THE DEMISE OF MISHA TEMKIN
DANIEL BRAUER

 

Misha Temkin was often called Dushka by his closer friends, but this is of no concern to us, nor was it of concern to Dr. Vassili Galashnikov as he sawed open Misha’s head and pondered its curious contents.  Gently setting aside the top half of Misha’s skull, the good doctor proceeded to sift through the still-warm ashes and carefully catalogued the remains of Misha’s head: three curiously small fingers (two thumbs, one pinky), a conical red hat of equally tiny proportions, and what appeared to be the burnt carcass of a spider of small stature.  Hardly noteworthy if found apart, thought Galashnikov, but together, and inside a man’s head?  A puzzle if ever there was one.

 

 

Presuming Misha Temkin, while alive, had a brain or equivalent apparatus — and there was no reason to think otherwise, as he had that very morning walked into the clinic without assistance — Dr.
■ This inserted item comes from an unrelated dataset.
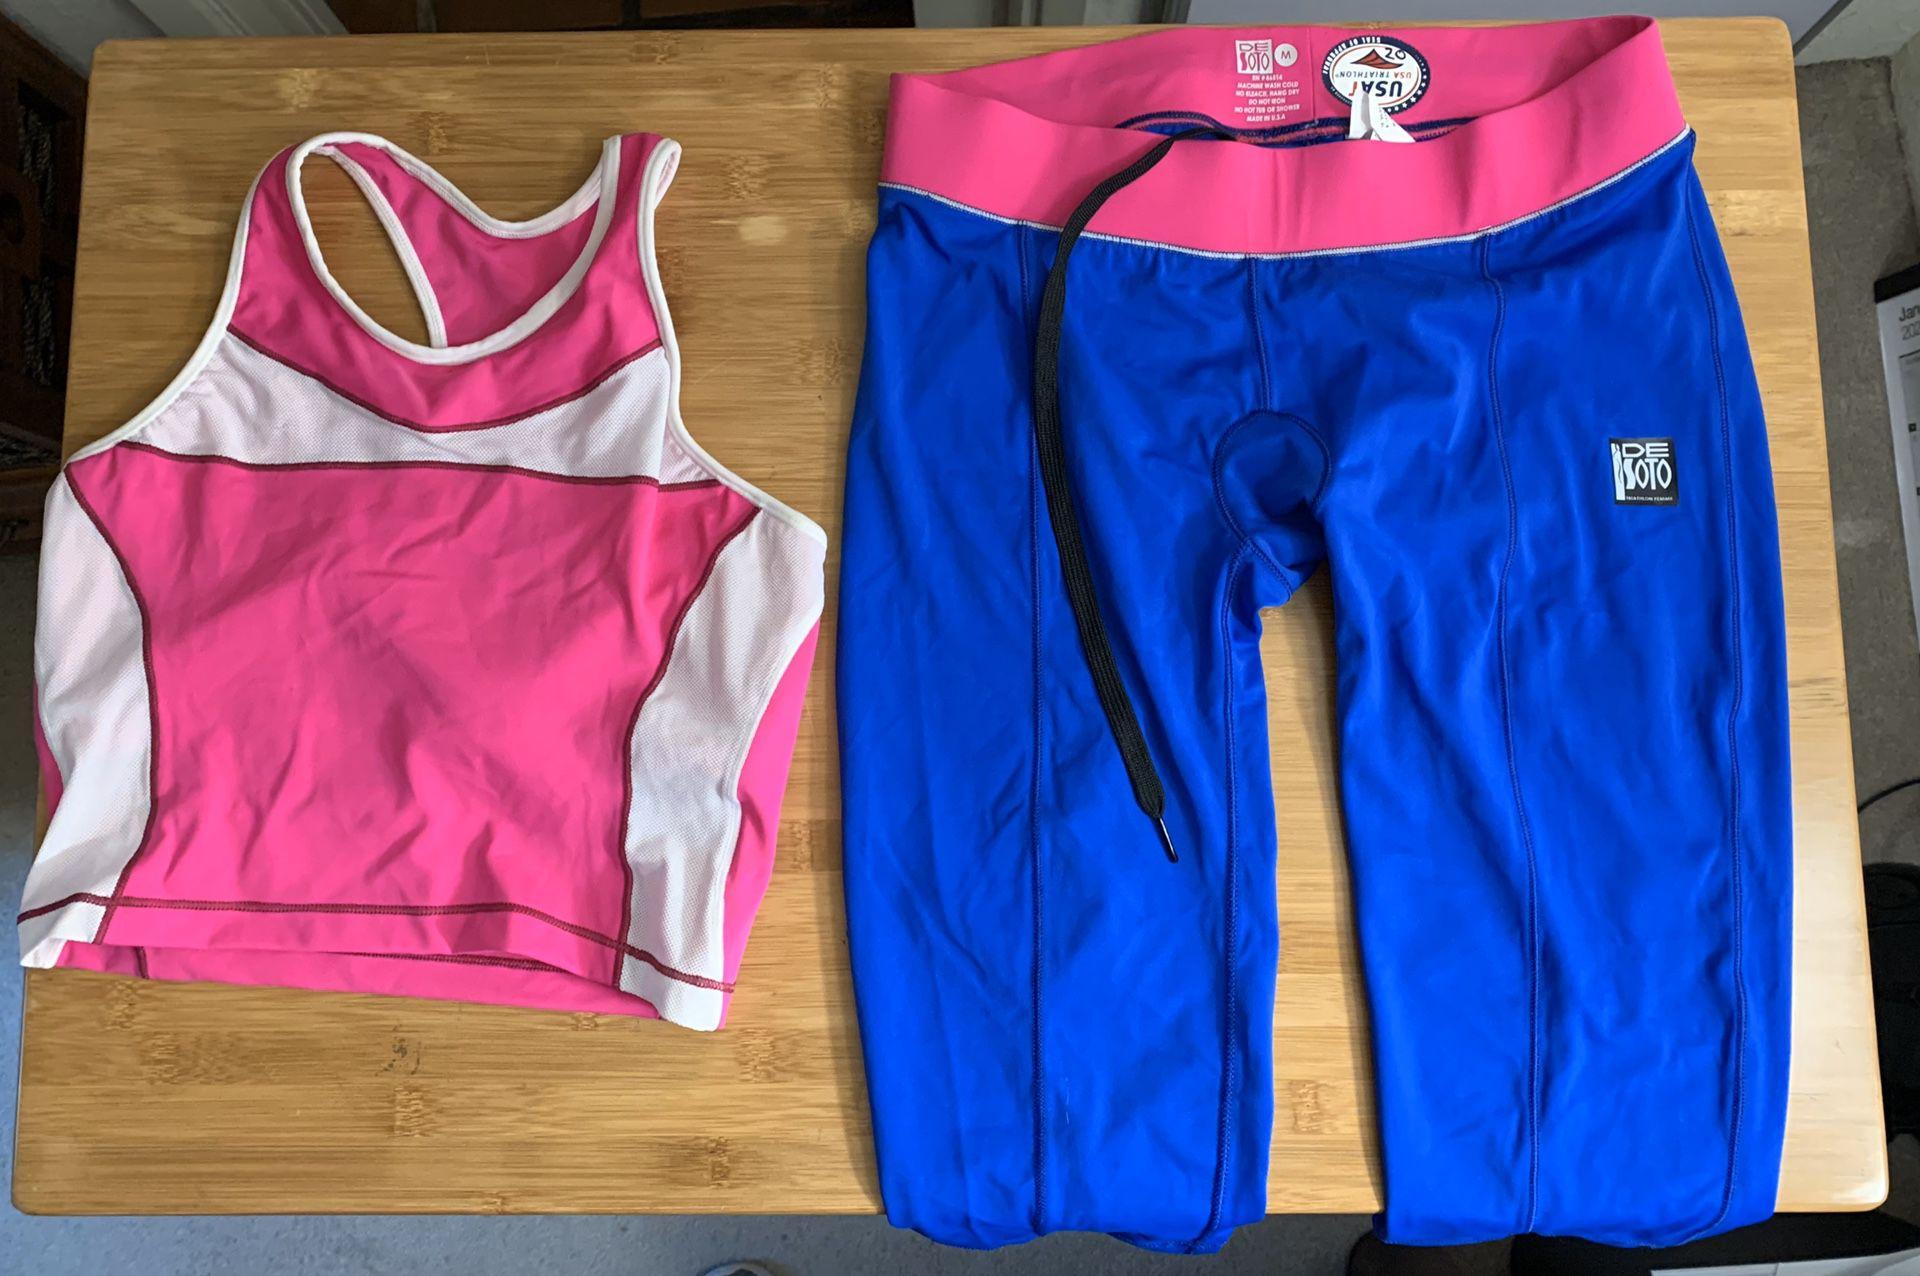 De Soto Sport Women's Triathlon Top and Bottom Medium Never Worn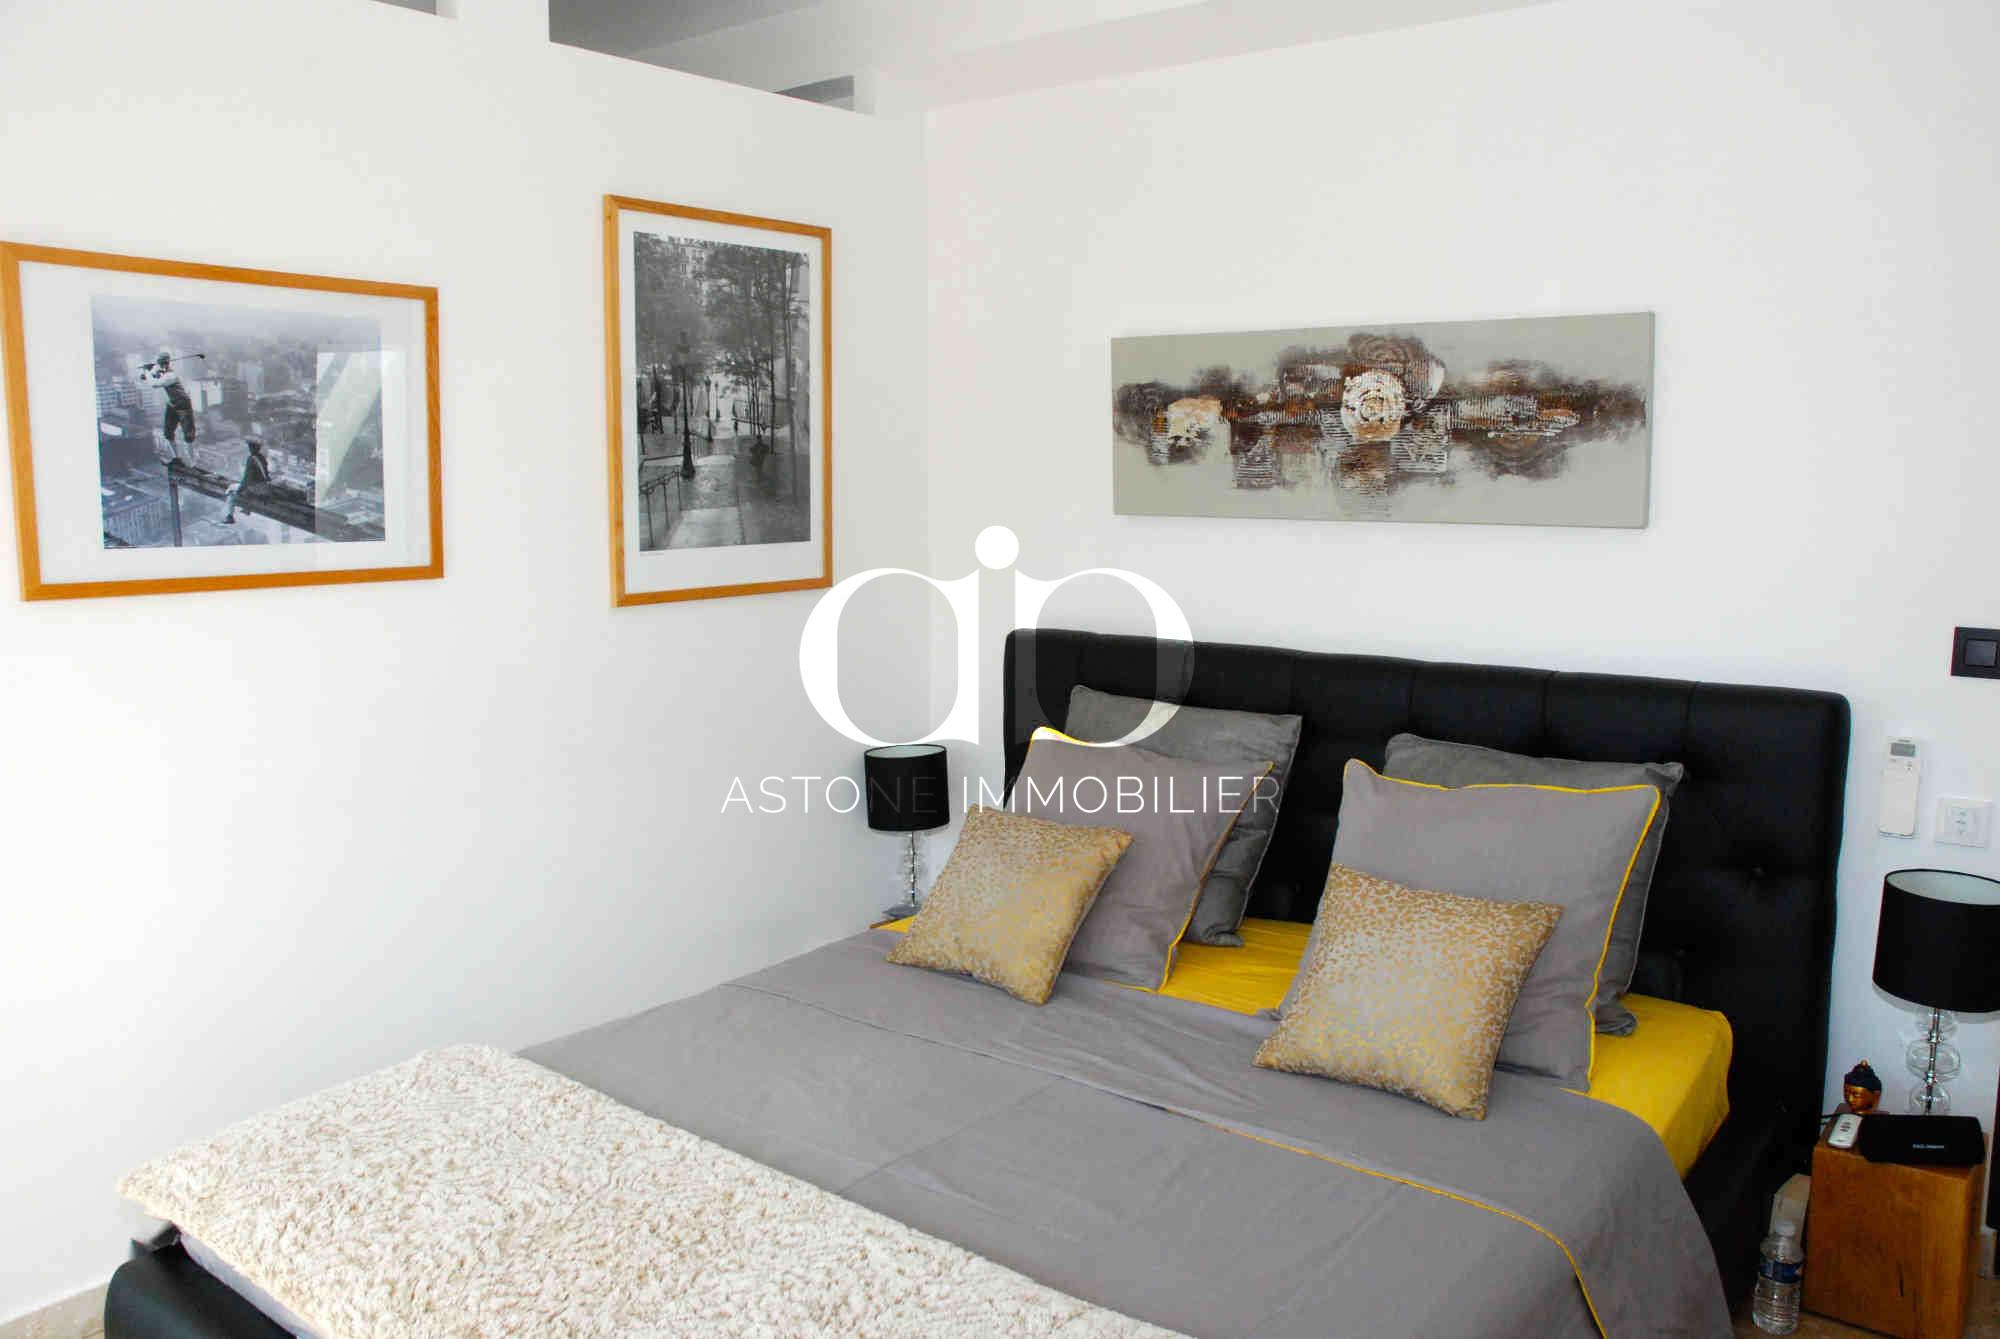 Aubagne lovely house for sale astone immobilier for Salon center aubagne

Galashnikov had to conclude that the ash found within the confines of Temkin’s skull was nothing less than the remains of that very brain, or that very brain’s equivalent.  This he jotted in his notebook. 

 

The ash was at thirty-nine degrees centigrade.  Considering this was several degrees above even the most spirited men’s body temperatures, and the fact that, with uncanny constancy, ash is the remnant of flame, the doctor supposed poor Temkin’s brain had burnt asunder.